Premierę "Star Wars episode 1. - Phantom Menace" ("Gwiezdne wojny epizod 1. - Widmowe zagrożenie"), pierwszego odcinka nowej trylogii z cyklu "Star Wars", poprzedziło wznowienie nieco odświeżonego oryginału z 1977 r., projekcja 30-minutowego trailera, czyli zajawki filmu, a wreszcie niezliczona liczba zapowiedzi w prasie, telewizji i Internecie. Mistrzowsko przygotowaną akcję reklamową bezinteresownie wspierali anonimowi entuzjaści dzieła George´a Lucasa. W dniu premiery, 19 maja, ponad dwa miliony Amerykanów zwolniło się z pracy, aby już rano obejrzeć wyczyny rycerzy Jedi. Pracodawcy sami organizowali ludziom wycieczki do kina.
Po pierwszych pokazach pewne jest jedynie, że "Phantom Menace" przyniesie realizatorom górę pieniędzy. Tylko w pierwszym dniu wyświetlania zainkasowano 28,5 miliona dolarów, a koszt produkcji - 115 milionów (najdroższy "Titanic" kosztował ponad 200 mln) - powinien zwrócić się już po tygodniu. Zgodnie z przewidywaniami, film Lucasa pobije też prawdopodobnie światowy rekord frekwencyjny. O ile jednak pierwsze "Star Wars" były rewolucją w rozrywkowym kinie i wydarzeniem kulturowym, to ich dalszy ciąg chyba nie ma na to szans. "Phantom Menace", co tu ukrywać, mocno rozczarowuje.
Akcja filmu dzieje się kilkadziesiąt lat wcześniej niż akcja owych "Gwiezdnych wojen" - poznajemy w nim kilkuletniego Anakina Skywalkera, czyli przyszłego Dartha Vadera, i młodego Obi Wan Kenobi, późniejszego mistrza sztuki Jedi, granego 27 lat temu przez Aleca Guinnessa.
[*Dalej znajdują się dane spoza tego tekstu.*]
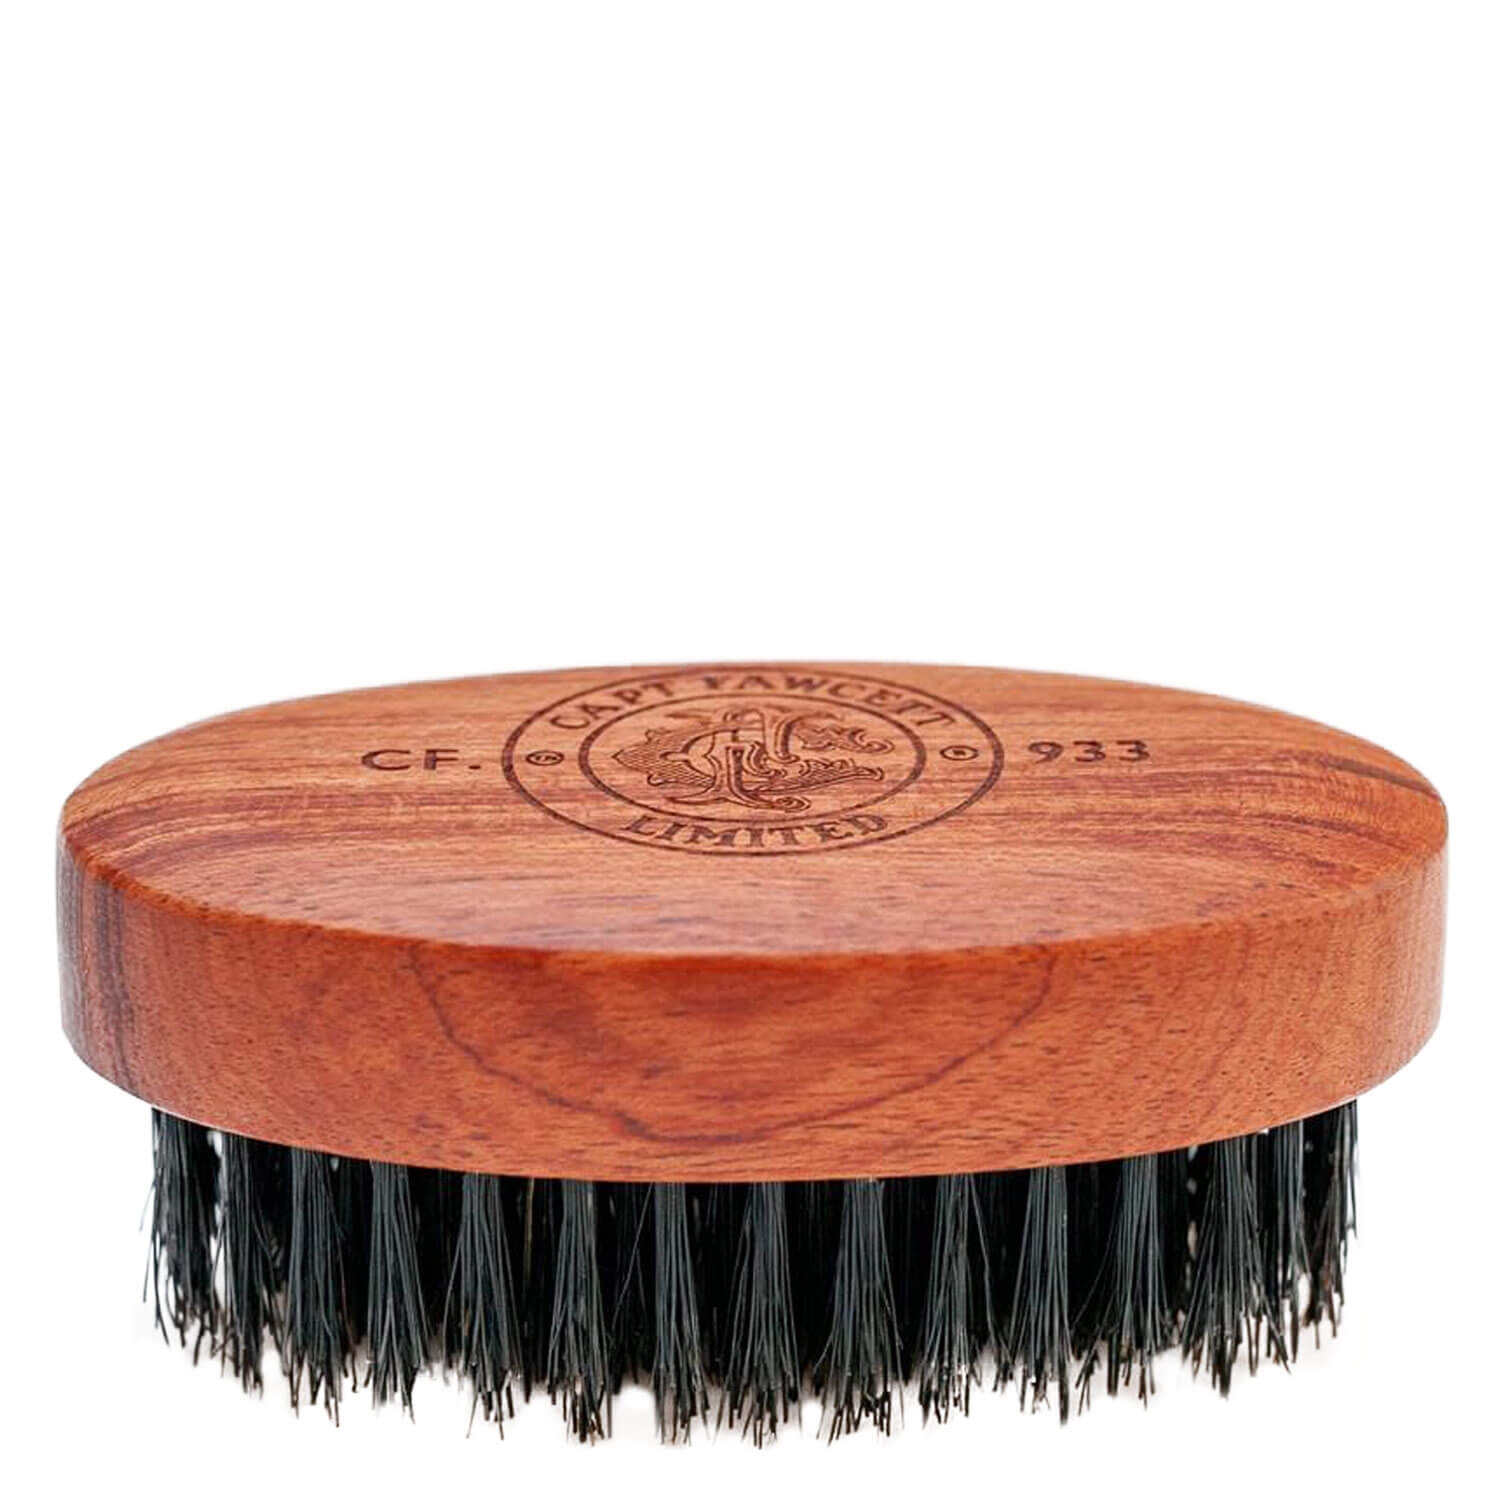 Produktbild von Capt. Fawcett Tools - Wild Boar Beard Brush
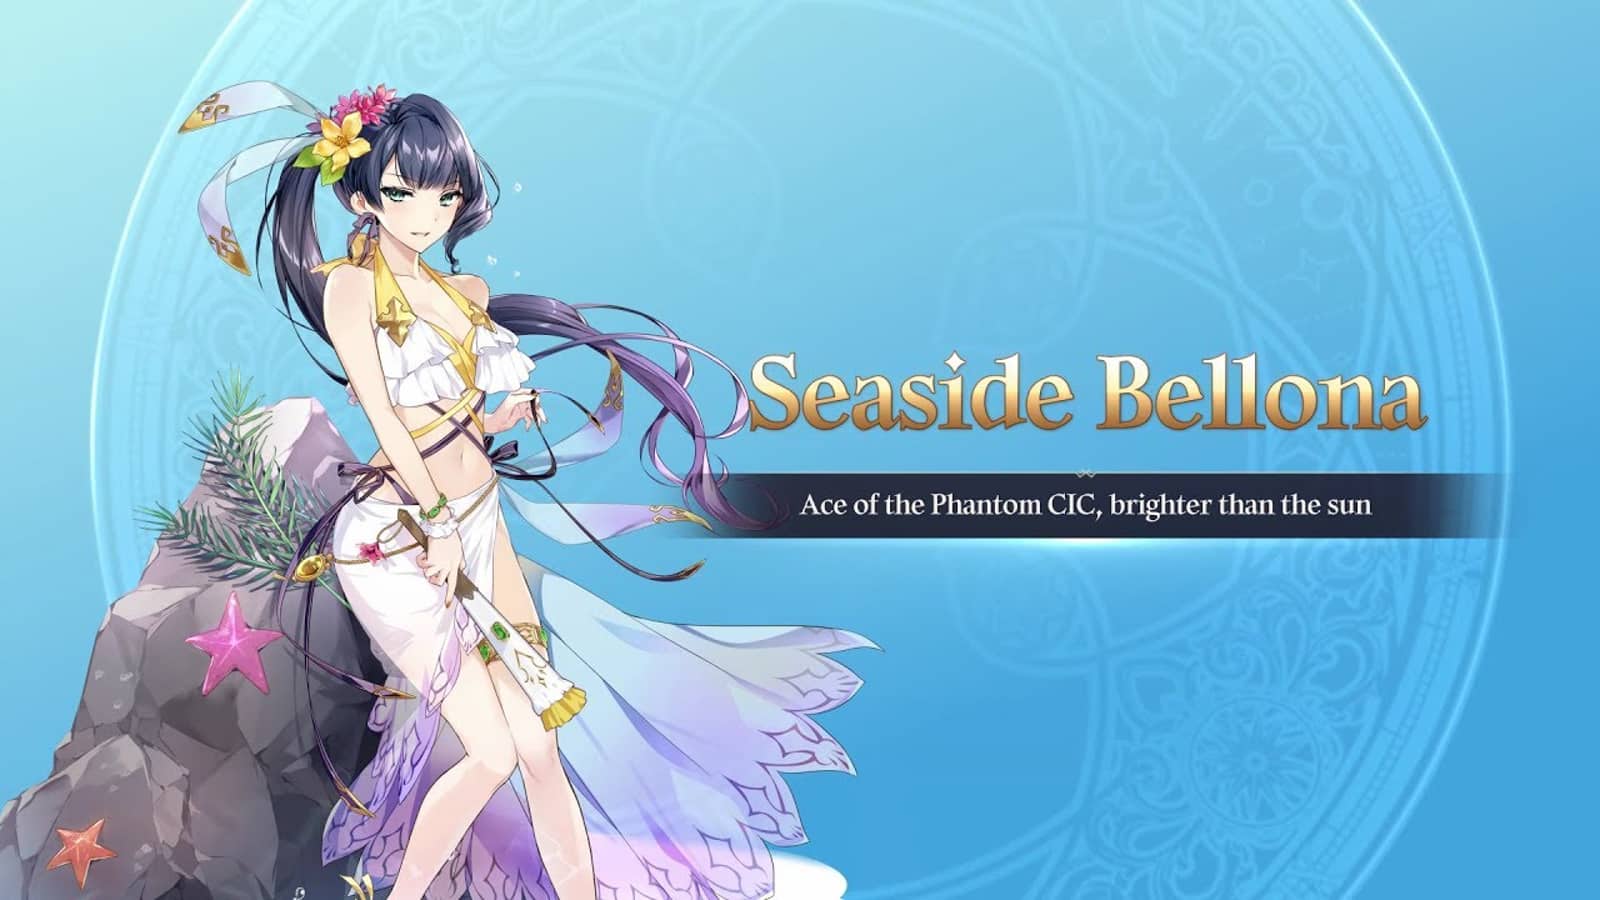 Seaside Bellona from Epic Seven in a beautiful dress

Film zadziwia niebywałymi wręcz, wygenerowanymi na komputerach efektami specjalnymi, przy których tamte sprzed lat wydają się dziś robótką niemalże chałupniczą. Imponuje wizualne bogactwo futurystycznych pejzaży: podwodnego miasta w stylu Art Nouveau, galaktycznej metropolis Corusean, czyli stolicy Republiki i kolorowy przepych barokowo-klasycystycznej architektury królestwa Naboo, które dzielni rycerze Jedi ratują ze szponów demonicznych władców Federacji Handlu.